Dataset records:
◇ ◇ ◇ ◇ ◇ ◇ ◇

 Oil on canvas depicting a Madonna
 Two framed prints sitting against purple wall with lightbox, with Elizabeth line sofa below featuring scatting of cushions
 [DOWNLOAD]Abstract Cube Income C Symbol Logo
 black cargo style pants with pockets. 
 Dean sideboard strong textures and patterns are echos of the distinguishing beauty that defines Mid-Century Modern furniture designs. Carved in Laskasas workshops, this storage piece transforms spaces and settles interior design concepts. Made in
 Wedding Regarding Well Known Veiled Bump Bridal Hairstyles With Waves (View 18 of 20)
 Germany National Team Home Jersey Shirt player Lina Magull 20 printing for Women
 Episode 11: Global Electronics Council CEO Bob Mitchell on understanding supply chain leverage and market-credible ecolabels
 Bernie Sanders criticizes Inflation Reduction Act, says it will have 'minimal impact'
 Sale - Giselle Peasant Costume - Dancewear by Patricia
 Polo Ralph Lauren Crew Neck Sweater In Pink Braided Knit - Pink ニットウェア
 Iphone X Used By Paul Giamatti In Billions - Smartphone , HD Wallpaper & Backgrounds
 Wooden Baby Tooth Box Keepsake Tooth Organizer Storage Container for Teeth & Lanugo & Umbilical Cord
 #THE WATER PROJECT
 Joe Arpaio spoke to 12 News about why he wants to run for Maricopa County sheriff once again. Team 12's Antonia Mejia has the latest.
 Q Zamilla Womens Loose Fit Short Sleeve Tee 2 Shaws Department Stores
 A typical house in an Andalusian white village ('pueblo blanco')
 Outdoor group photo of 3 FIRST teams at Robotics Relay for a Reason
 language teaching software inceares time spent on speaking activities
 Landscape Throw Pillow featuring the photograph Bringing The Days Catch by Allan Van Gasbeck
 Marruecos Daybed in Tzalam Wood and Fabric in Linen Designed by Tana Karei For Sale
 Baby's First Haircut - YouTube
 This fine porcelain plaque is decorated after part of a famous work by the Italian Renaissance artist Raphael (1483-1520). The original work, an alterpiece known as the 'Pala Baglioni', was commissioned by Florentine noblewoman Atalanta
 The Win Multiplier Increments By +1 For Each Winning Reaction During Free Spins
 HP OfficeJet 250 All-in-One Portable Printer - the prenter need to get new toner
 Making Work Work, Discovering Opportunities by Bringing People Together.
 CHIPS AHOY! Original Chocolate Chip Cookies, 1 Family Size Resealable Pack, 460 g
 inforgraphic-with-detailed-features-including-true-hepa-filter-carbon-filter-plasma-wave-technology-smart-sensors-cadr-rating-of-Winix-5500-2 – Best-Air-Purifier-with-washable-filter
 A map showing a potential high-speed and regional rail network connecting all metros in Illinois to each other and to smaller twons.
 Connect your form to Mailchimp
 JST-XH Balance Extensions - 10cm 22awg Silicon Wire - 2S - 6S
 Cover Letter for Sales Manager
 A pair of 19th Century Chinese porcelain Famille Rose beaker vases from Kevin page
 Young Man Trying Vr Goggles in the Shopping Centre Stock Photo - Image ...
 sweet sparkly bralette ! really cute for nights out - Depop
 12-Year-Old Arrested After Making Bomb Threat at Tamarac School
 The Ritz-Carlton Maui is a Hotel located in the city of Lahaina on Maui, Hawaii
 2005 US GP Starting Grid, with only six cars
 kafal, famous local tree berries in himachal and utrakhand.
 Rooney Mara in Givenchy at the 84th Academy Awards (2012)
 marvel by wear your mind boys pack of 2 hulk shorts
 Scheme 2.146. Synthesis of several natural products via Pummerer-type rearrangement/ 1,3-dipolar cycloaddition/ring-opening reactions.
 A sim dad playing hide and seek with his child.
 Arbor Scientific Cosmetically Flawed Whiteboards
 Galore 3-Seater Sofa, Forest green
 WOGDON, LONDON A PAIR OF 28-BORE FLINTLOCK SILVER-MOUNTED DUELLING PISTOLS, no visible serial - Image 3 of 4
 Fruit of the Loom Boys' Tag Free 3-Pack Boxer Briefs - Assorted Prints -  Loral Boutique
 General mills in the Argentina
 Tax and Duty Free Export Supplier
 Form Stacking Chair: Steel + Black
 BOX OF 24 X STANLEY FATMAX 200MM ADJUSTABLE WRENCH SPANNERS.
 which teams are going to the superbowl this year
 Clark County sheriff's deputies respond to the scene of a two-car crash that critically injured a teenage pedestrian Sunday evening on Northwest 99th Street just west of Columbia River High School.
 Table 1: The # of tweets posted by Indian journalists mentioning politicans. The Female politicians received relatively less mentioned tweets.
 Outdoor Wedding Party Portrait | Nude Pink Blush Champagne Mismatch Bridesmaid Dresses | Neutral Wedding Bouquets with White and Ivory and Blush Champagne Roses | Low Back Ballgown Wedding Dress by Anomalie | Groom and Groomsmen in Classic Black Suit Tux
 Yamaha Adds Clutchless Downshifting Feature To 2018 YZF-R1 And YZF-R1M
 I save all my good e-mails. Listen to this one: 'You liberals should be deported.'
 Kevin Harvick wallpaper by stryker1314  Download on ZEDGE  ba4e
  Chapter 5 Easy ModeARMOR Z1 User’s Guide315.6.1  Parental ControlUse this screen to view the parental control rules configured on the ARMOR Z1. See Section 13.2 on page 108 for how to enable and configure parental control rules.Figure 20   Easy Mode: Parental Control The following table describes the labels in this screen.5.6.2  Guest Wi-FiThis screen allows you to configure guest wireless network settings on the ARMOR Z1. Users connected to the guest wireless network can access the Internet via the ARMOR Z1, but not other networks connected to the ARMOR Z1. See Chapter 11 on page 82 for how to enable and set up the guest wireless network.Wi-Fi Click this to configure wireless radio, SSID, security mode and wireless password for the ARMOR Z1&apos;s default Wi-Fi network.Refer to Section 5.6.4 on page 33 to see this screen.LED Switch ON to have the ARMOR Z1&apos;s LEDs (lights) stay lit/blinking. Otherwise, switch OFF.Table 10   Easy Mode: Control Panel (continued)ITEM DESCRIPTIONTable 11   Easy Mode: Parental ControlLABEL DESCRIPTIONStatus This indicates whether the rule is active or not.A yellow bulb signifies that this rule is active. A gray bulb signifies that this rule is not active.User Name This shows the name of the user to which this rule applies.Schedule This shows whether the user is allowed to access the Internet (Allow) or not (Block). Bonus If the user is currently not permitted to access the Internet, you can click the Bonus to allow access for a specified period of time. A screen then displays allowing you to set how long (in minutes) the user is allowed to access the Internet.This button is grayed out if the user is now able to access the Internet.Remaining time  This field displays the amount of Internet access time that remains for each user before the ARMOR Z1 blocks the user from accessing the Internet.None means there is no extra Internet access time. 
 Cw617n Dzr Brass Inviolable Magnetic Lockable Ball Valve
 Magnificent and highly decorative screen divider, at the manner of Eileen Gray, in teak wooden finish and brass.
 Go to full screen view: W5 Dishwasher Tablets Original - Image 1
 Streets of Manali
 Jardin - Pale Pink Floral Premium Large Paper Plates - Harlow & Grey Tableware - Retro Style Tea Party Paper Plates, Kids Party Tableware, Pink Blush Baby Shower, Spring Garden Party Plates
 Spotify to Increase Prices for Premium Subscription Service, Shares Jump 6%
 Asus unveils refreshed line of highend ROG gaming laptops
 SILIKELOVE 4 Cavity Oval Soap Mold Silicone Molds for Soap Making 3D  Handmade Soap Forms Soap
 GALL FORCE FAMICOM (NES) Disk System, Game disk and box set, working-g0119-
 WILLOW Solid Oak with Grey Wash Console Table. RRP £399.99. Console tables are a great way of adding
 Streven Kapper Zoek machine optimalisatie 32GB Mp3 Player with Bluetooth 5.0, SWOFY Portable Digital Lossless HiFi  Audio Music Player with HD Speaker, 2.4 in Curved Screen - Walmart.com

◇ ◇ ◇ ◇ ◇ ◇ ◇

Problem to work on:
Return every line from the entries that holds the string "Wedding".

Answer to the exercise:
 Wedding Regarding Well Known Veiled Bump Bridal Hairstyles With Waves (View 18 of 20)
 Outdoor Wedding Party Portrait | Nude Pink Blush Champagne Mismatch Bridesmaid Dresses | Neutral Wedding Bouquets with White and Ivory and Blush Champagne Roses | Low Back Ballgown Wedding Dress by Anomalie | Groom and Groomsmen in Classic Black Suit Tux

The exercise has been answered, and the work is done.